Thursday, November 15, 2018

The Outlaw's Daughter (Marrying a Marshall #3), by Natalie Dean

Kenzo Publishing, November 2018

Ella Jenkins left her outlaw family because she couldn't accept being part of a criminal gang. She wanted a quiet, and law-abiding, life. She settled in Cypress Creek, with Meg, a woman she met who had set out to be a mail-order bride and been unceremoniously stood up by her intended groom. She's working as a seamstress for the local tailor, who is kind, but with Meg's income, together they can just about pay the rent on their cabin and buy food.

Then Meg connects with another mail-order groom.

And Hank Fulton, senior of the three US Marshals in Cypress Creek, knocks on their door and tells her he knows her name is Jenkins, not Jones, and that he wants her to help infiltrate the gang now run by her brother, Ezra.

It's a hard choice for Ella to make.
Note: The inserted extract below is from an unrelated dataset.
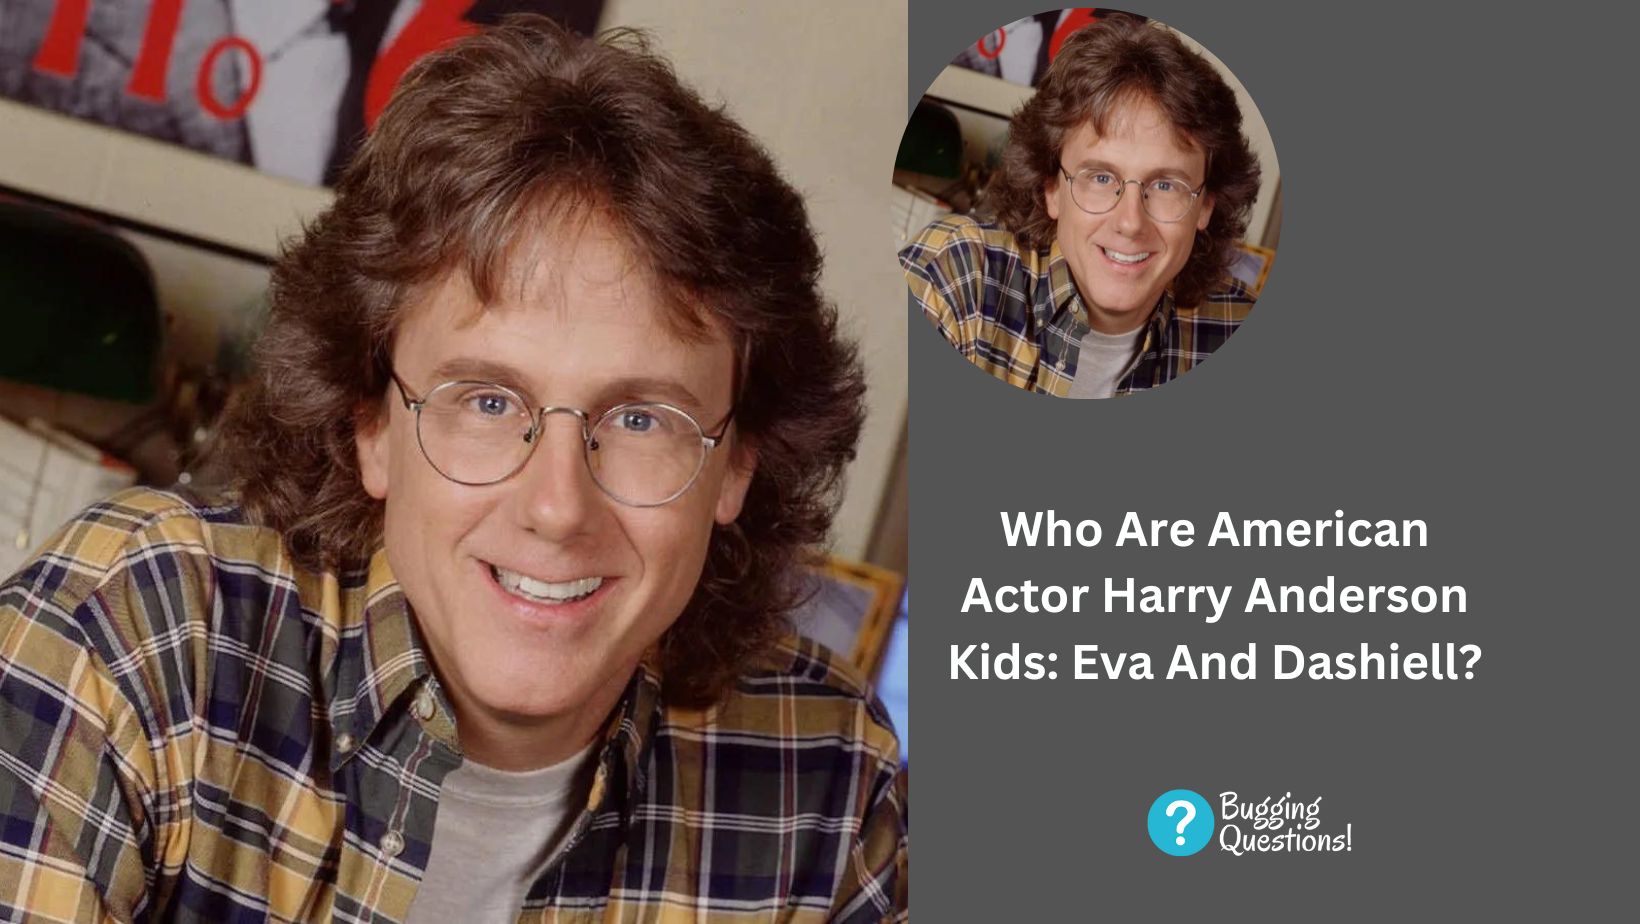 Who Are American Actor Harry Anderson Kids: Eva And Dashiell?

She'd rather forget she was ever a Jenkins, she doesn't want to actively betray her brother, and she does want the Marshals to keep making the region safer.

It's a satisfying romance, and the characters are interestingly complex, with the conflicting motives that plague real human beings on a daily basis.

Recommended.

I received a free electronica galley from the author, and am reviewing it voluntarily.